Like other states whose industrial employment has shrunk, Maryland is in fierce competition for new business and job growth in fields such as life sciences and information technology. Just this week, a panel at the Biotechnology Industry Organization conference in Chicago counted Baltimore as one of the nation's top metro areas for biotechnology, partly because of two biotech business parks being built.

Legislative leaders say the General Assembly's actions are not anti-business, but labor- and consumer-friendly, and it doesn't deserve the rap.

"I'm getting tired of people like the governor bad-mouthing the business climate in the state of Maryland," said Del. Kumar P. Barve, a Montgomery County Democrat. "Take, for example, the stem cell research act. We're doing more to encourage the cutting-edge biotechnology business in Maryland with that one act than the combined efforts of the Ehrlich administration to promote business in the state."

Consumer organizations, meanwhile, applauded many of the legislature's efforts this year, including the minimum wage increase.

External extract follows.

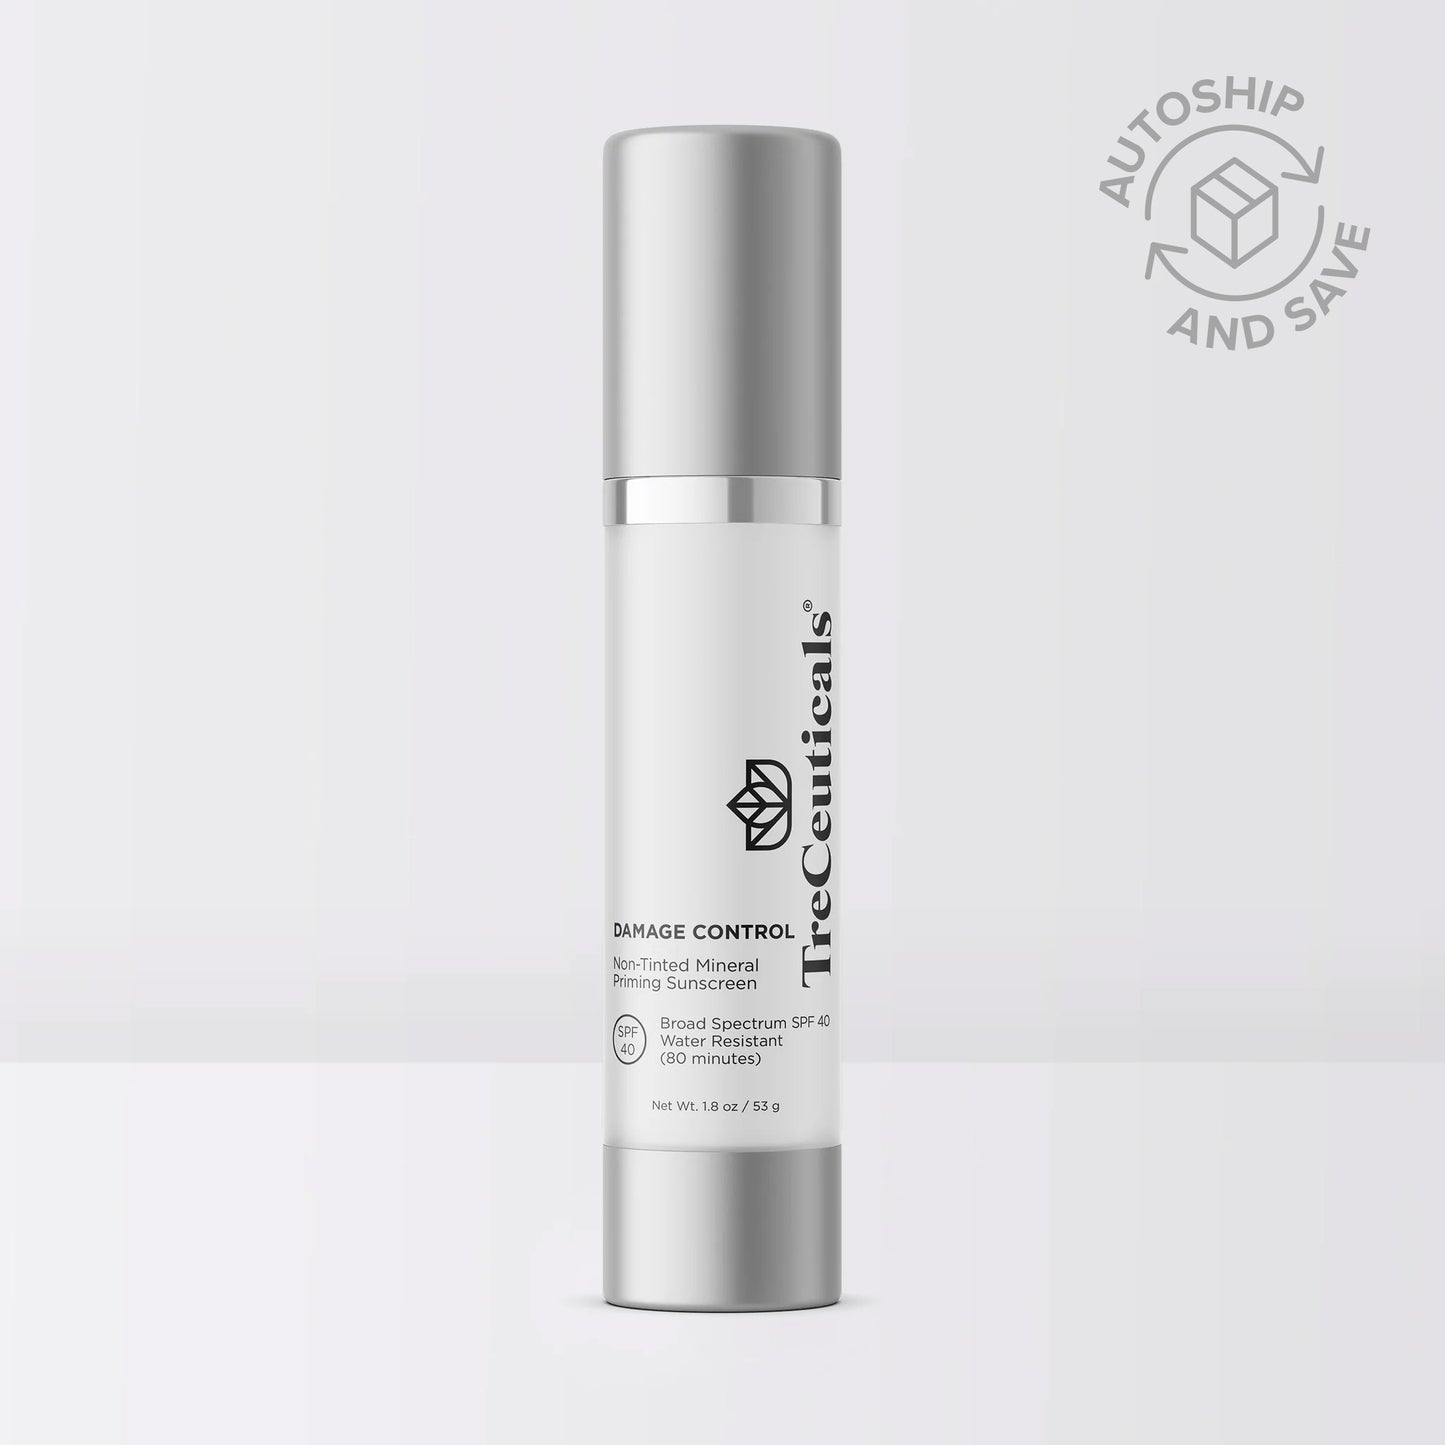 Damage Control Non-Tinted Mineral Sunscreen

"That's something that we testified in support of," said Stephen Elmore, director of Maryland Budget and Tax Policy Institute, which focuses on how policies affect lower-income families. "It wasn't our impression at all in the session that it was anti-business."

When Ehrlich in 2002 was elected the first Republican governor since Spiro T. Agnew resigned the post to become vice president in 1969, the industrial community rejoiced. In the weeks after Ehrlich's election, respondents who said they viewed Maryland as a pro-business state rose to 51 percent from 47 percent before the election in a survey by the Jacob France Institute, the economic research center at the University of Baltimore.

By the fourth quarter of last year, the latest period for which data are available, the "pro-business" response was an all-time high for the survey at 69 percent.

But Richard P. Clinch, director of the Jacob France Institute, said that upswing may be challenged by the just-concluded session, the final one before this fall's gubernatorial election.

"It just makes Maryland look more foolish, the fighting, it just moves Maryland backward. That's both [the legislature and the governor], mind you," Clinch said. "States that get ahead in the game are states that work together. That's infinitely hard in an election year, and especially hard in a Democratic state like Maryland that's still smarting over the loss of the governorship to a Republican."